Linear regression is the workhorse of data analysis. Given a set of (x, y) pairs, it finds the single straight line that minimises the total squared distance from every point to the line — the ordinary least-squares (OLS) line. Whether you are studying hours versus exam scores, advertising spend versus sales, temperature versus crop yield, or any other two numeric variables, this calculator gives you the complete statistical picture in seconds, entirely in your browser.
How it works
The calculator solves the normal equations for simple linear regression:
β₁ = SS_xy / SS_xx where SS_xy = Σ(xᵢ − x̄)(yᵢ − ȳ) and SS_xx = Σ(xᵢ − x̄)²
β₀ = ȳ − β₁ · x̄
Once β₀ and β₁ are known, every fitted value is ŷᵢ = β₁xᵢ + β₀ and every residual is eᵢ = yᵢ − ŷᵢ. From these the calculator computes:
- Pearson r = SS_xy / √(SS_xx · SS_yy) — linear correlation, −1 to +1
- R² = r² — fraction of variance in y explained by x
- RSE = √(SSE / (n − 2)) — residual standard error, the typical prediction error in y-units
- SE(β₁) = RSE / √SS_xx — uncertainty around the slope
- SE(β₀) = RSE · √(Σxᵢ² / (n · SS_xx)) — uncertainty around the intercept
- t-statistics for both coefficients: t = estimate / SE
- Full ANOVA table with regression, error and total rows
The interactive scatter plot draws the fitted line over the data points and labels R² directly on the chart for immediate visual confirmation.
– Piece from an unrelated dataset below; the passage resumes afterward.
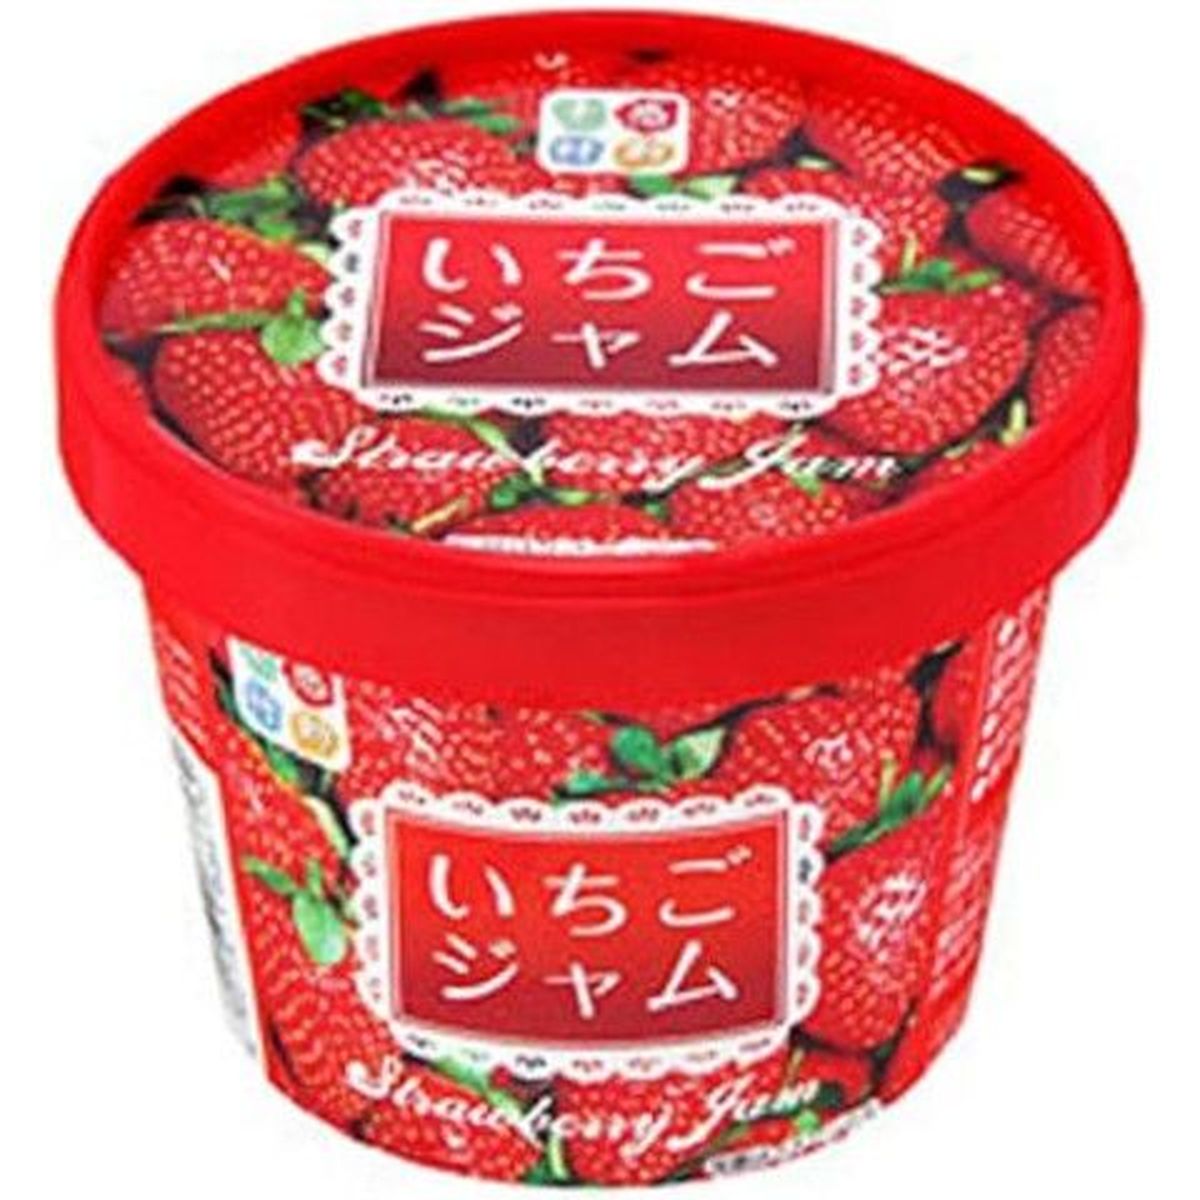 【12個入リ】スドー 感動素材 イチゴジャム紙カップ 120g

Worked example — study hours vs exam score
Using the built-in demo data (12 students, study hours 1–10, scores 52–97):
| Statistic | Value |
|---|---|
| Slope β₁ | 5.0559 |
| Intercept β₀ | 45.9779 |
| R | 0.9944 |
| R² | 0.9888 |
| RSE | 1.43 |
Interpretation: The regression line is ŷ = 5.06·x + 46.0. Each extra hour of study predicts roughly 5 more marks. R² = 0.989 means study hours explain 98.9% of the variance in exam scores for this sample — an almost perfectly linear relationship. The RSE of 1.43 marks tells you the model’s typical prediction error is less than 1.5 marks.
Prediction: A student who studies 7.5 hours is predicted to score ŷ = 5.06 × 7.5 + 46.0 = 83.9 marks.
Formula reference
Slope β₁ = Σ(xᵢ−x̄)(yᵢ−ȳ) / Σ(xᵢ−x̄)²
Intercept β₀ = ȳ − β₁·x̄
Fitted ŷᵢ = β₁·xᵢ + β₀
Residual eᵢ = yᵢ − ŷᵢ
SSE Σeᵢ²
RSE √(SSE/(n−2))
SE(β₁) RSE / √SS_xx
SE(β₀) RSE · √(Σxᵢ²/(n·SS_xx))
r SS_xy / √(SS_xx · SS_yy)
R² r²
All computations happen in your browser. No data is ever sent to a server.